There has yet to be another terrorist attack on the scale of that seen on September 11, 2001, but radical Islamic terrorism still permeates the U.S. mindset, with Americans feeling less safe now more than ever.
A recent poll by the Chicago Council on Foreign Affairs found that 42 percent of Americans feel less safe now than they did before 9/11. Their concerns are warranted, as many terrorism analysts and policymakers agree that despite trillions of dollars of investment in national security, the threat is as high as ever.
“I don’t think we are any safer. We are more at risk,” David Scott Mann, a former Army Green Beret Lieutenant Colonel and terrorism analyst, told The Daily Caller News Foundation.
Mann spent much of his 23-year career fighting the war that resulted from 9/11, but he admitted that he felt he left the fight incomplete. He noted that the war on terror is now entering its second generation, with a whole new crop of young people on both sides entering the fray. With a new generation of terrorists comes a new generation of terrorist organizations. While al-Qaida was decimated throughout the last 15 years, its splinter groups and global branches have become significant standalone threats.
ISIS, formerly al-Qaida in Iraq, was the first to fill al-Qaida’s void and established the Islamic caliphate al-Qaida has thus far failed to create. Amazingly, ISIS quickly became even more notorious in its love of death and destruction than its parent organization. Additionally, al-Qaida branches in Somalia, Algeria, and Yemen, along with the former Nusra Front in Syria and ISIS affiliate Boko Haram in Nigeria, have all engaged in deplorable acts of terrorism since 9/11.
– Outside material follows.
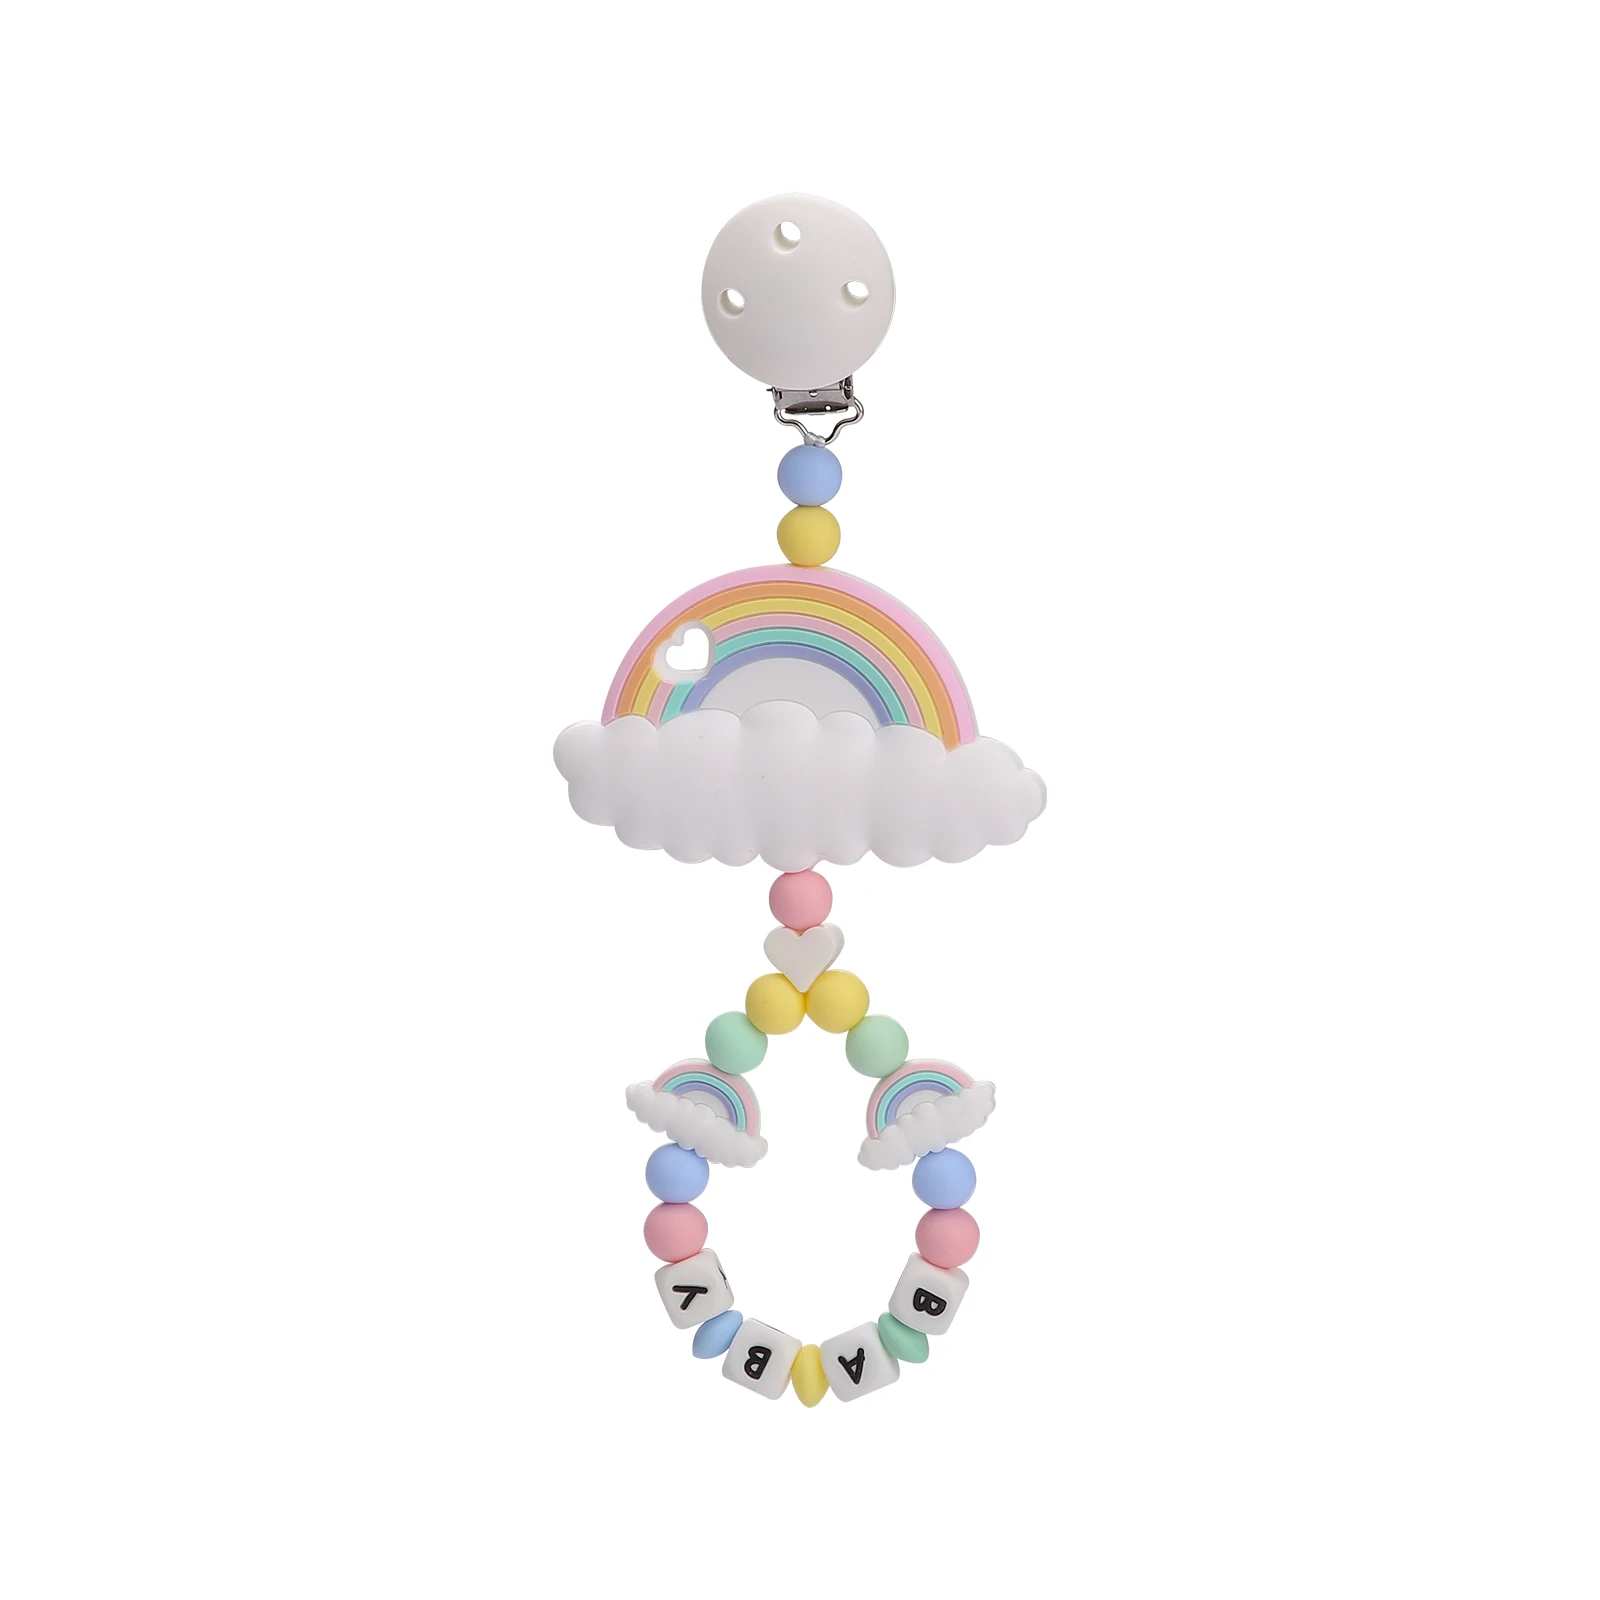 1pcs Bite Baby Silicone Pacifier Chains Rainbow Clouds Cartoon Teething Chain Baby Teether Soother Chew Dummy Clip Nipple Holder

“They are just getting warmed up,” said Mann, regarding the new generation of terrorist groups, especially ISIS. “[Expect] more complex attacks in three to five years.”
In a recent speech at the Intelligence and National Security Summit, Director of National Intelligence James Clapper told the audience he expects the U.S. to be in a “perpetual state of suppression for some time to come” regarding terrorism. Speaking during a panel at the same conference, director of the National Counter-Terrorism Center (NCTC) Nicholas Rasmussen noted the job of a terrorist is “getting easier” and more localized. Homegrown terrorists can now plan and attack the U.S. from within using modern technology, instead of engaging in large-scale covert actions like the attack on 9/11.
Many experts agree the primary reason groups like al-Qaida and ISIS have experienced success in the past 15 years is because they decentralized. Networks like those used by the 9/11 hijackers have been largely destroyed since 9/11, and large-scale attacks require significant logistical support. Terrorist organizations have realized that they can be equally effective in smaller, more frequent assaults. It is the ability of home-grown, individual terrorists to engage in attacks like the assault on Orlando’s Pulse nightclub in June that represent the threat of the future of terrorism. Mann warned against referring to these attackers as “lone wolves,” because encouraging followers to engage in localized attacks is exactly what ISIS has directed them to do. Calling them “lone wolf attacks” only distracts from the greater strategy ISIS has employed.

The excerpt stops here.